Langsam ziehen dunkle Wolken auf. Der Wind peitscht die Wellen hoch. Wyss’ Partnerin Marcy ist vor die Tür getreten und beginnt das Blumenbeet zu jäten. «Politisch bin ich viel stärker in den USA engagiert als in der Schweiz», sagt Wyss. «Denn in der Schweiz dominiert komplett die Kartellwirtschaft, und man kann nichts dagegen tun.»

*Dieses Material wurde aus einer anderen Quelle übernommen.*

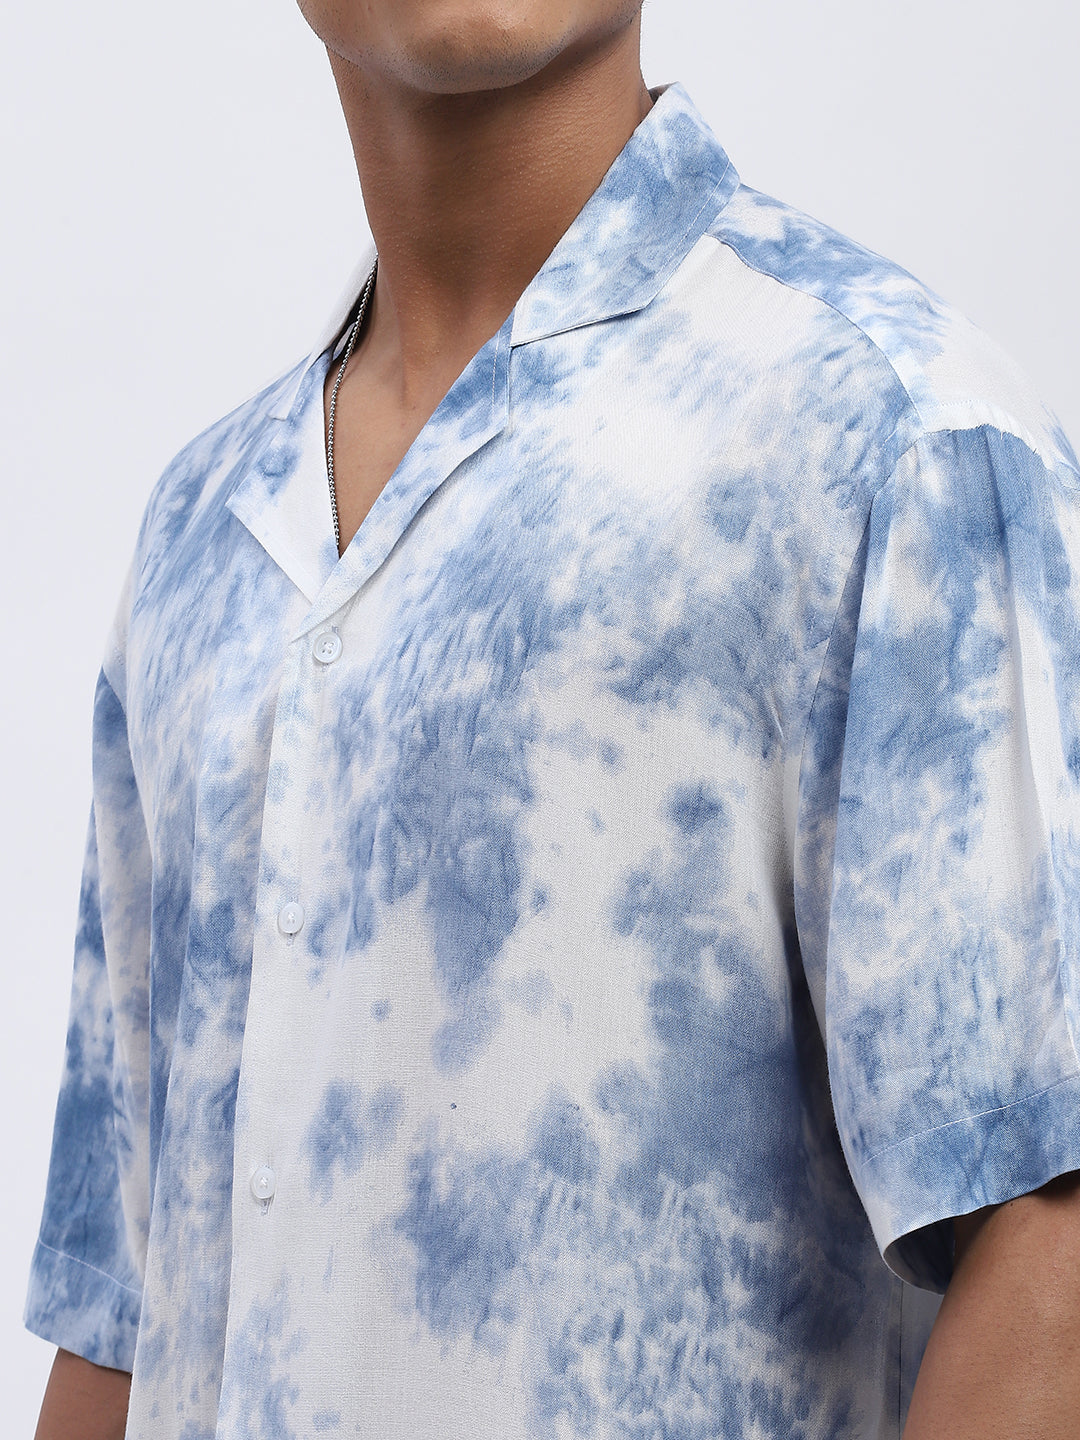 Blue White Tie-Dye Men's  Shirt

1987 hatte Wyss ein weiteres Mal Glück. Die sieben Aktionäre, alle gegen siebzig, wollten ihre Anteile abgeben. «Ich kaufe euch die Firma ab, aber ich kann euch nicht so viel geben, wie sie wert ist», pokerte Wyss. Der Preis wurde auf 54 Millionen Dollar festgelegt, aufgeteilt in fünf Raten. Zudem musste sich Wyss verpflichten, das Unternehmen nicht zu verkaufen. «Wenn wir damals gewusst hätten, wie viel wert das Unternehmen heute ist, hätten wir nicht so billig verkauft», bedauert Allgöwer im Nachhinein.

Heute, 15 Jahre später, macht Synthes-Stratec 1,5 Milliarden Umsatz. Die Betriebsgewinnmarge liegt bei 39 Prozent, womit Synthes-Stratec weltweit eines der profitabelsten Medtech-Unternehmen ist. In den letzten Jahren stiegen die Gewinne regelmässig stärker als die Umsätze. Das hat sich auch im Börsenkurs niedergeschlagen: Um 277 Prozent stieg die Aktie seit der Übernahme von Stratec 1999.

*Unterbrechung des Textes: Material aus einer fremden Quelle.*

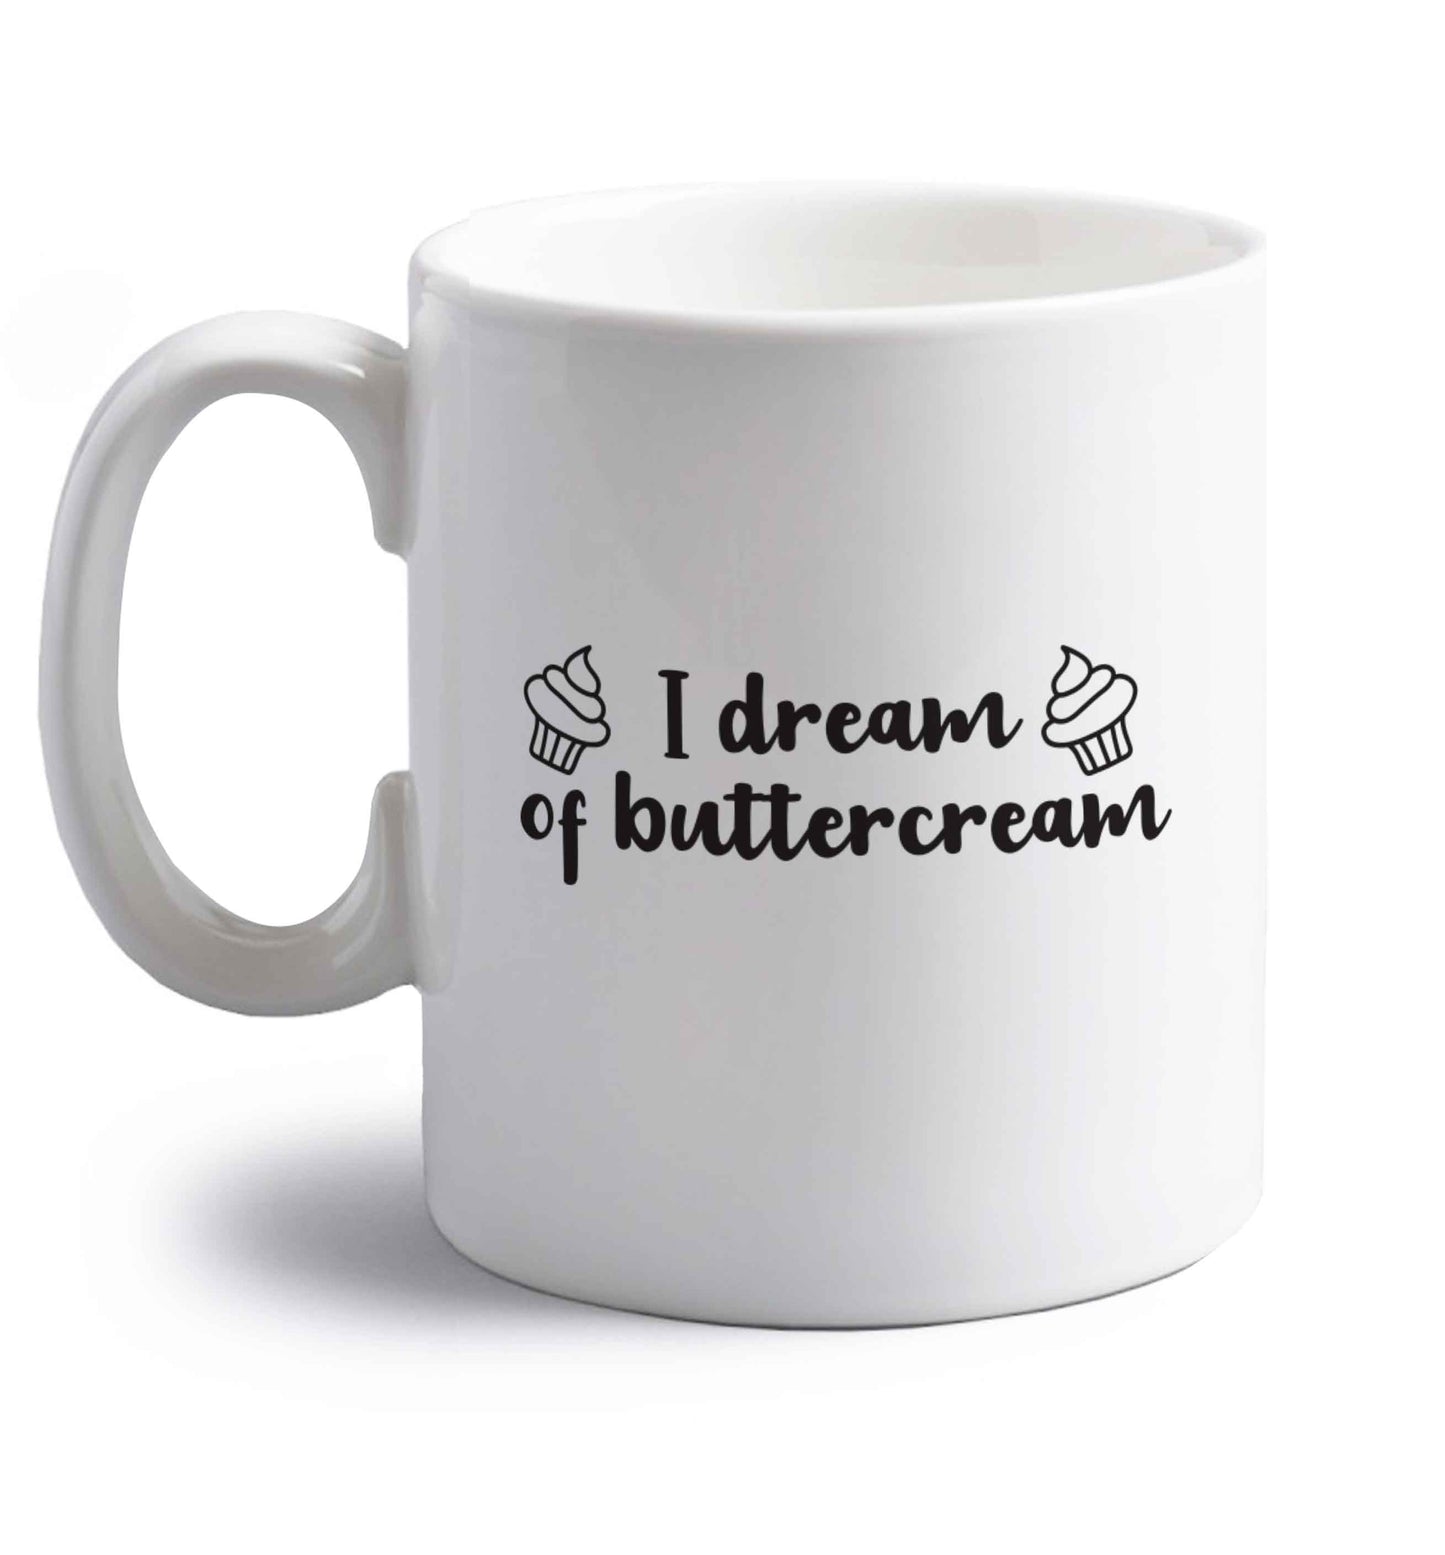 I dream of buttercream right handed white ceramic mug

Durch die Akquisition von Mathys wird jetzt ein neuer Wachstumsschub ausgelöst. Für Synthes-Stratec wird der Weg frei für die profitabelsten Medtech-Absatzmärkte der Welt: Japan und China. Die zweite Nebenwirkung ist, dass beide Unternehmen ihr Problem mit den Kartellbehörden gelöst haben. Diese haben kürzlich Untersuchungen wegen des Verdachtes der Preisabsprache in Deutschland eingestellt, einem der wichtigsten Märkte für beide Unternehmen.

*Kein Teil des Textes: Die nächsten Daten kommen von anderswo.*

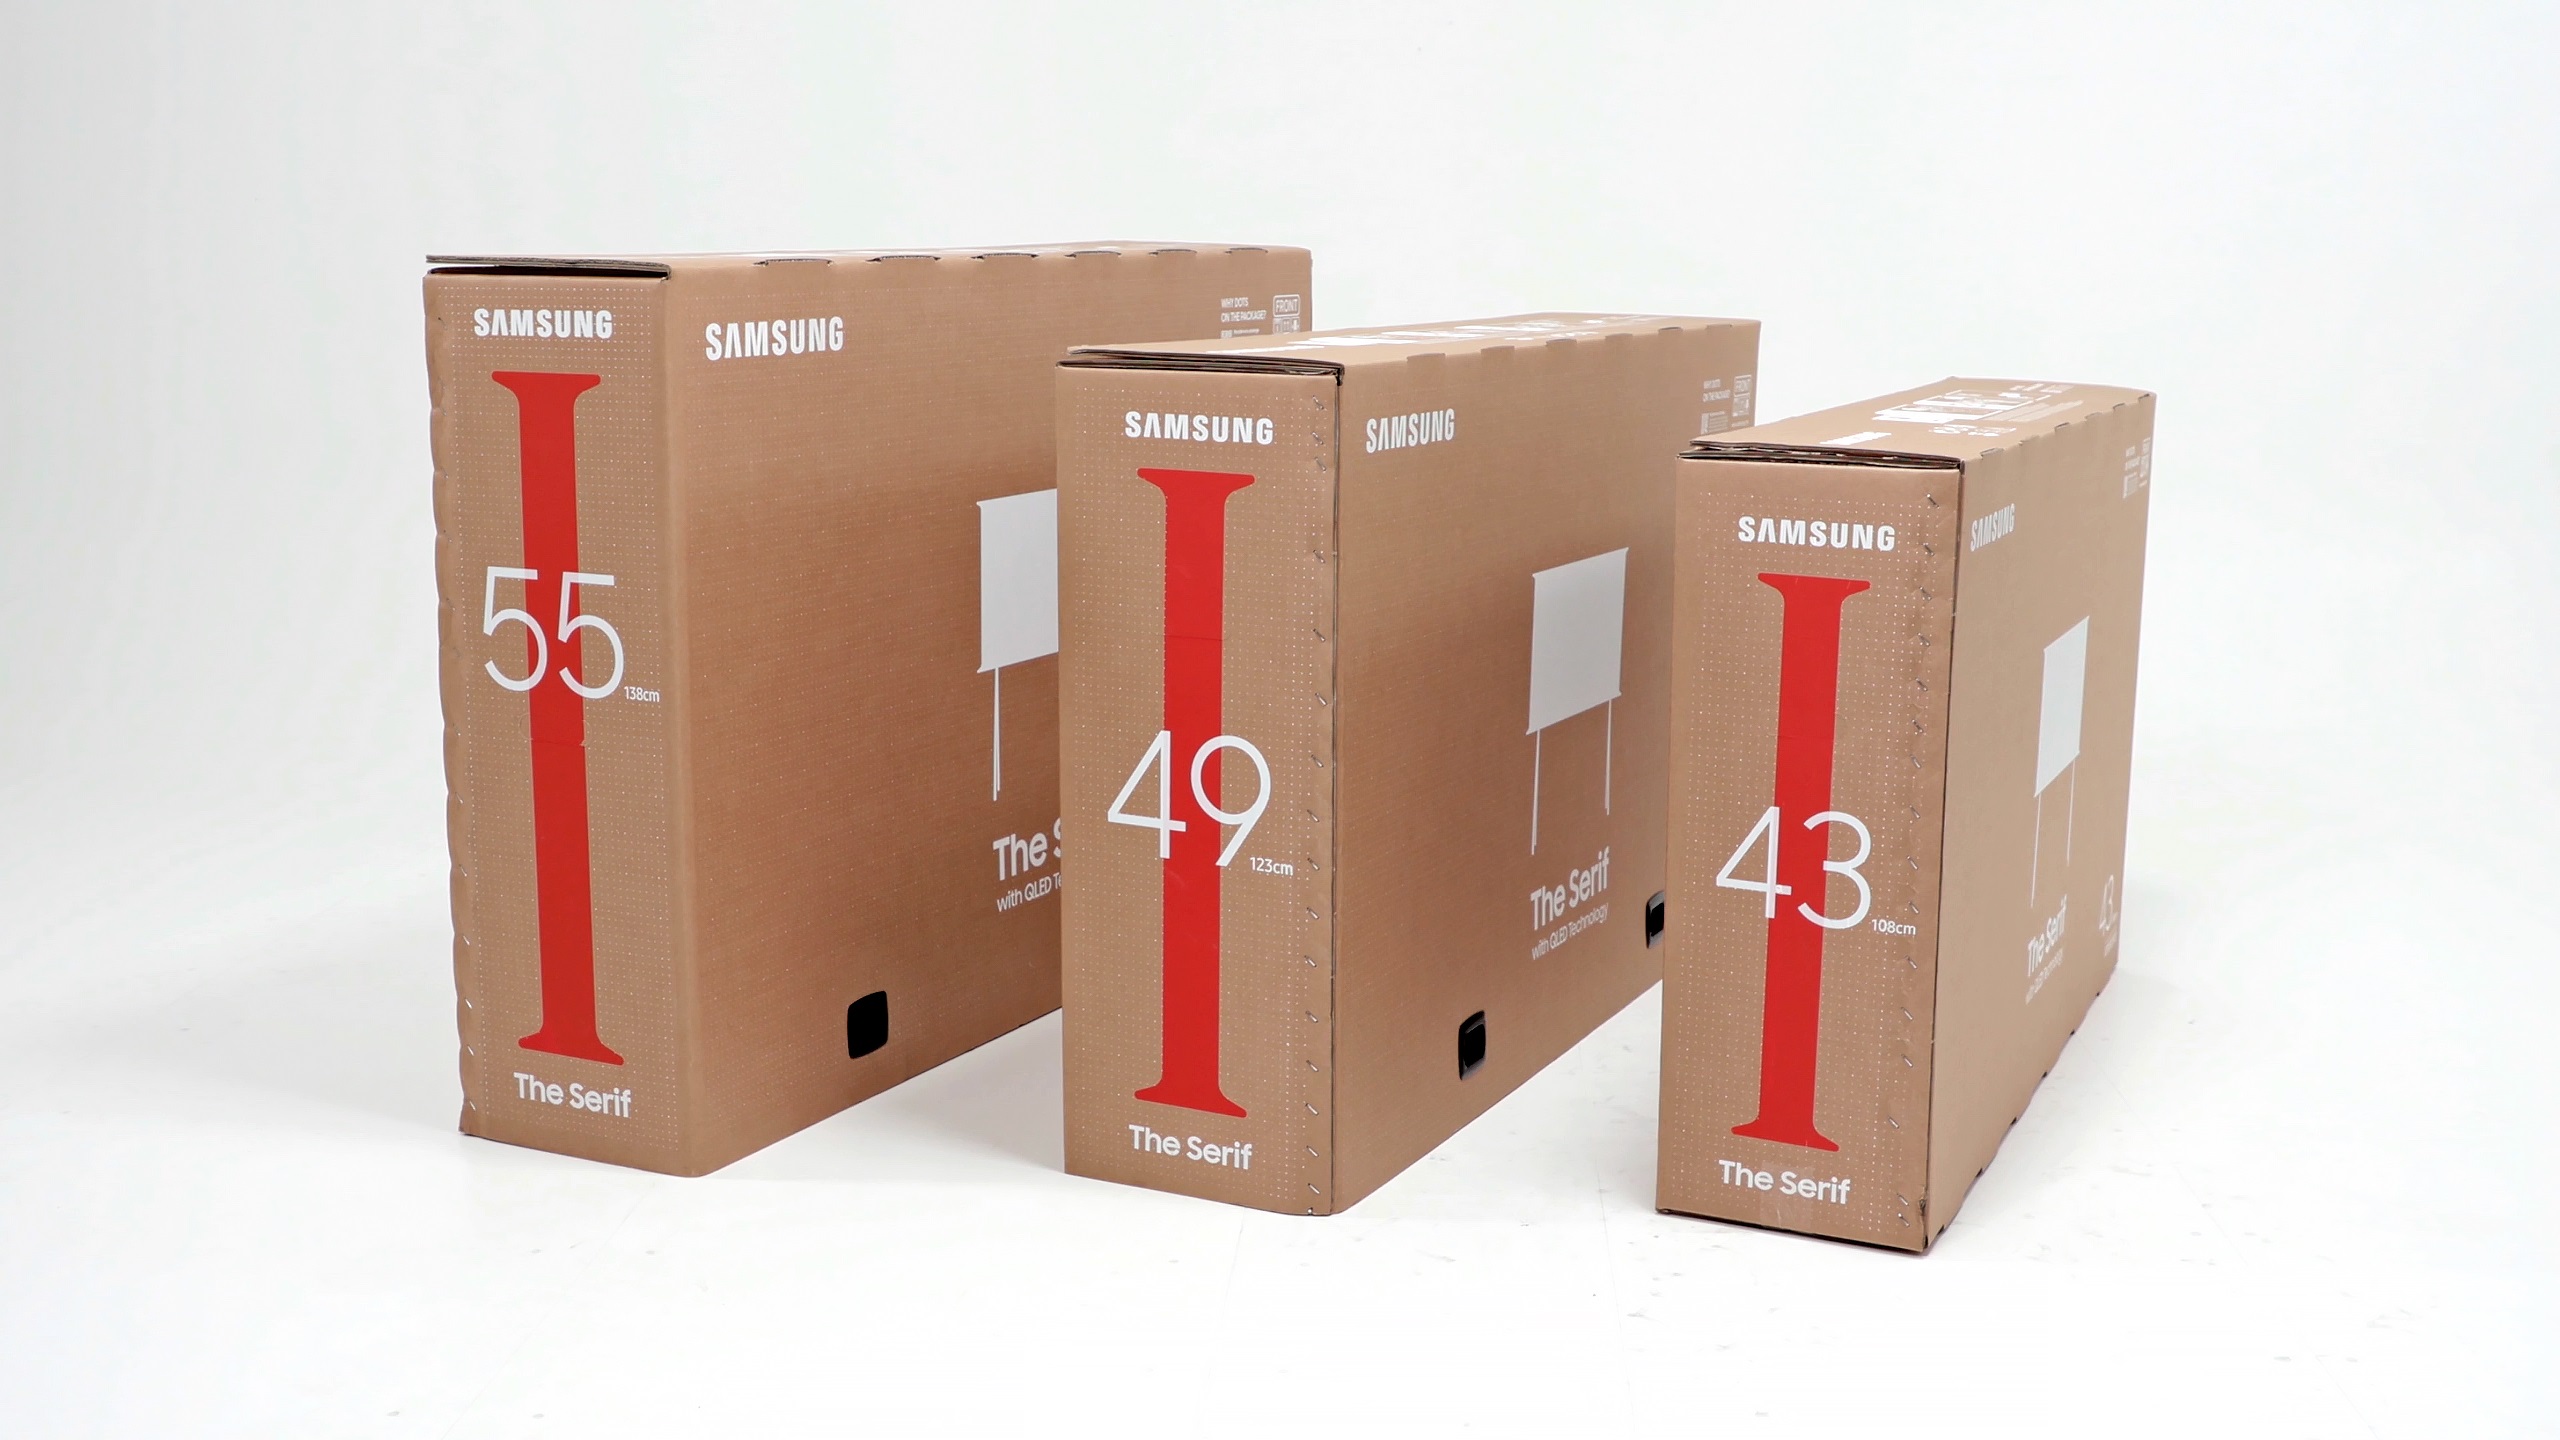 Samsung-Fernseher aus der Serif-Modellreihe in ihrer Umverpackung aus Pappe

Beim Abschied beginnt es schon beinahe zu regnen.

«Und wie geht es mit Ihnen persönlich weiter, Herr Wyss?» «Ich werde mich demnächst aus dem operativen Geschäft zurückziehen und einen Nachfolger präsentieren», sagt er.

«Und wohin wandert langfristig Ihr Aktienpaket?» «Das kann ich Ihnen nicht sagen», antwortet er. «Aber schreiben Sie über meine Stiftungen. Das ist viel interessanter.» Dann verschwindet das Phantom Wyss wieder in seiner Villa.